The algorithm can dynamically adjust the strategy

and task allocation of the model training according to

the computing power and data distribution of the

participants, so as to maximize the use of computing

resources.

2.2 Vertical Federated Learning

Vertical federated learning focuses on how to

leverage a subset of features owned by different

participants to jointly train a model. In the scenario of

vertical federated learning, each participant has a

different feature set, but the sample ID may be the

same or different. Vertical federated learning aims to

protect the feature privacy of each participant, while

leveraging the feature information from all

participants to improve the model performance.

Common vertical federated learning algorithms

includes secure federal linear regression (Reza, 2021)

and SecureBoost (Cheng, 2021), which are detailed in

following sections.

Secure federal linear regression (Reza, 2021) is a

vertical federated learning algorithm based on linear

regression models, which protects the feature privacy

of each participant through model training and

parameter exchange in an encrypted state. Security

federal linear regression algorithm puts forward

various optimization strategies, such as (1) improving

the target function to optimize the parameter update

rules; (2) compressing model parameters to improve

model efficiency; (3) reducing communication

rounds and adopting asynchronous updates to reduce

communication overhead; (4) applying differential

privacy, homomorphic encryption, and other privacy

protection technology to strengthen privacy

protection. These advances provide strong support for

the promotion and application of federated learning in

practical applications.

The basic process of secure federal linear

regression is mainly as follows. First, the participants

(e. g. A and B) initialize the respective model

parameters. At the same time, if there is a Coordinator

C, the C generates the key pair and distributes the

public key to the other participants. Participant A

computes its model A and the corresponding loss

function A, and then sends this information to

Participant B. After receiving the information from

Participant A, Participant B calculates the loss

function and sends it to Coordinator C (if available).

Similarly, Participant B will also calculate its model

B and send the relevant information to Participant A.

In this process, A and B can choose to add random

masks to their gradient information to increase

privacy protection.
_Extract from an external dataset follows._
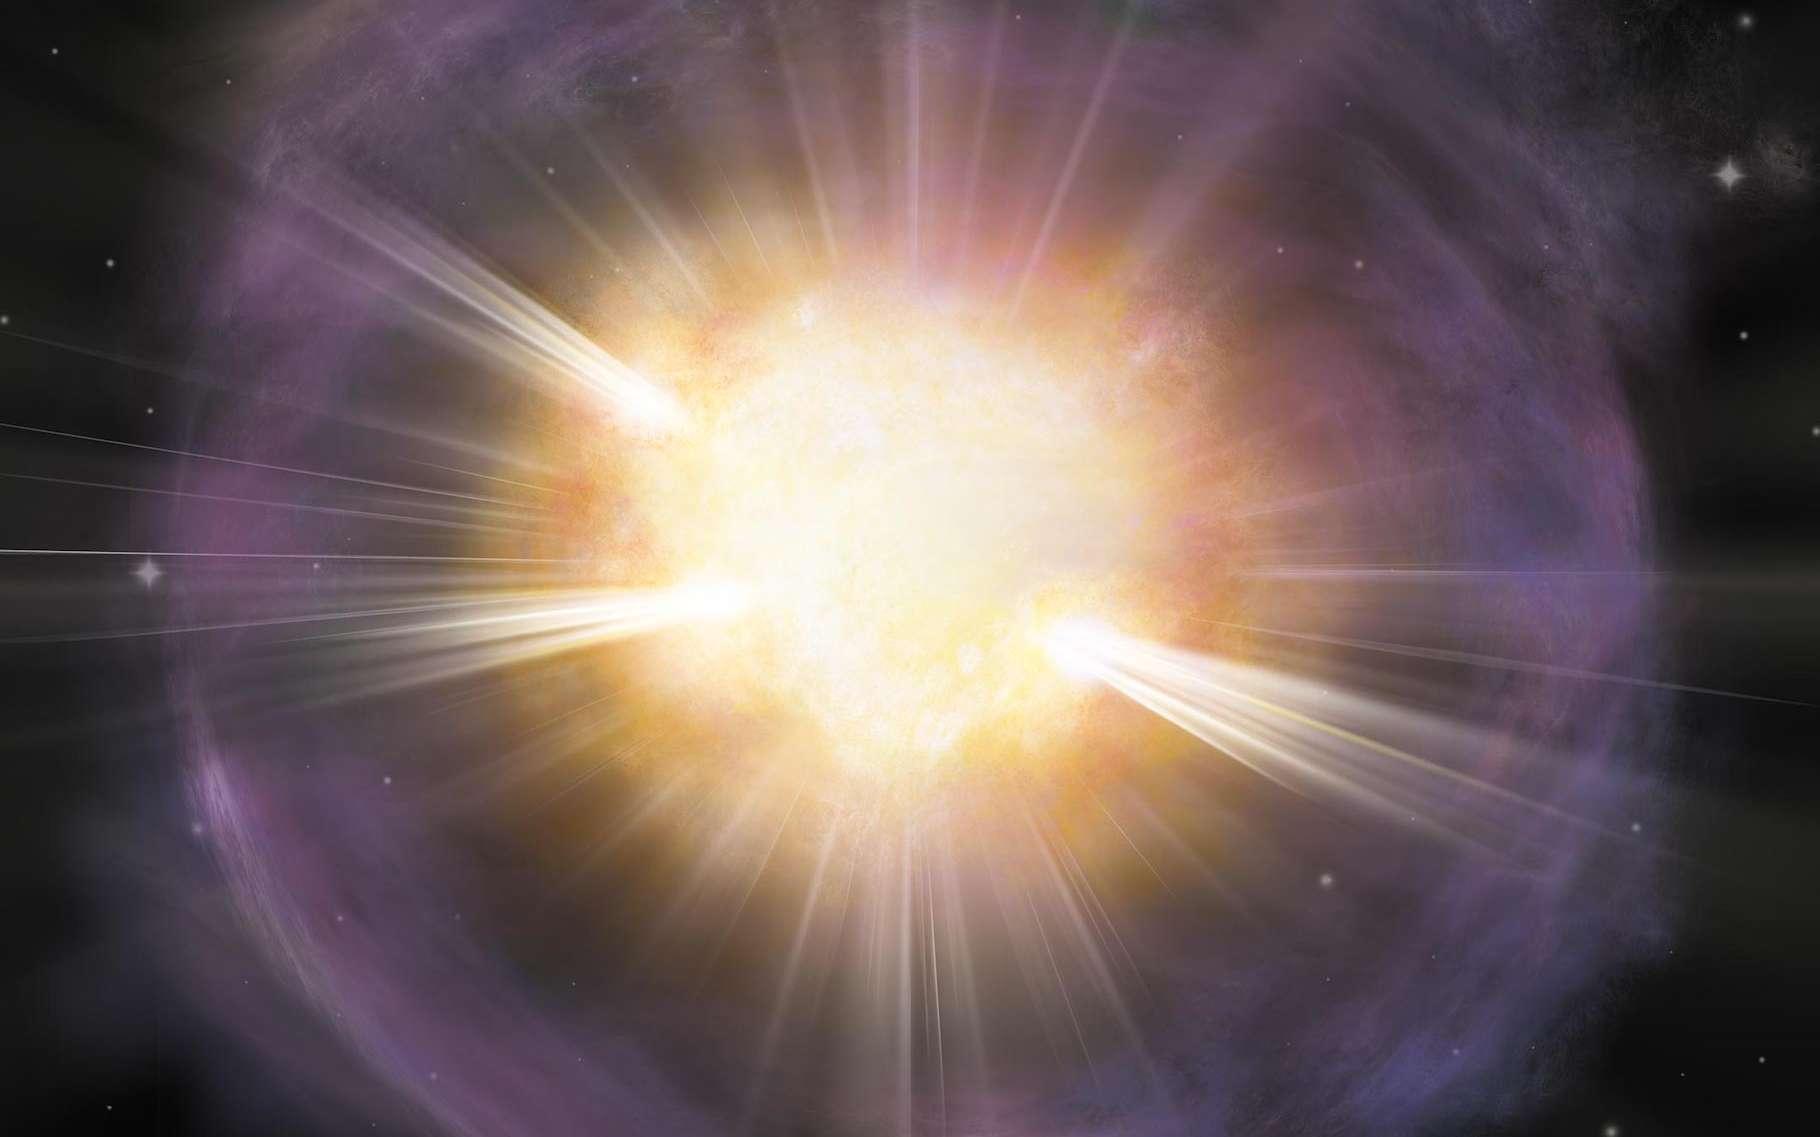 Des chercheurs expliquent comment l'explosion d'une étoile en supernova peut produire le calcium essentiel à nos os. Sur cette vue d'artiste, la supernova SN 2019ehk. Le matériau riche en calcium apparaît en orange. En violet, une couche de gaz rejetée par l'étoile juste avant son explosion. © Aaron M. Geller, Université Northwestern

Participant A generates A random

number and adds it to gradient A, and then encrypt

the result (if the encryption method is used). The

encrypted gradient information is sent to the

coordinator C for decryption. Participants A and B

separately subtract their previously generated random

numbers to obtain a global gradient of common

training, which is then used to update models A and

B separately. During the inference stage, coordinator

C inputs the user characteristics and adds the results

output from Participants A and B to obtain the final

prediction result.

SecureBoost (Cheng, 2021) is based on the lift

tree, which shares gradient information across

EMITI 2024 - International Conference on Engineering Management, Information Technology and Intelligence

576

participants in an encrypted way to achieve

collaborative training of the model. By improving the

construction process of the tree, optimizing the

feature selection and division criteria, introducing

regularization terms and so on, the classification or

regression performance of the SecureBoost algorithm

can be effectively improved. SecureBoost has

achieved remarkable progress in financial risk

control, medical diagnosis, intelligent

recommendation and other fields.

Key steps of SecureBoost includes: (1) Entity

alignment. This is the first step in the SecureBoost

framework, finding a common set of data samples

(such as common users) among all participants, and

common users can be identified by the user ID. (2)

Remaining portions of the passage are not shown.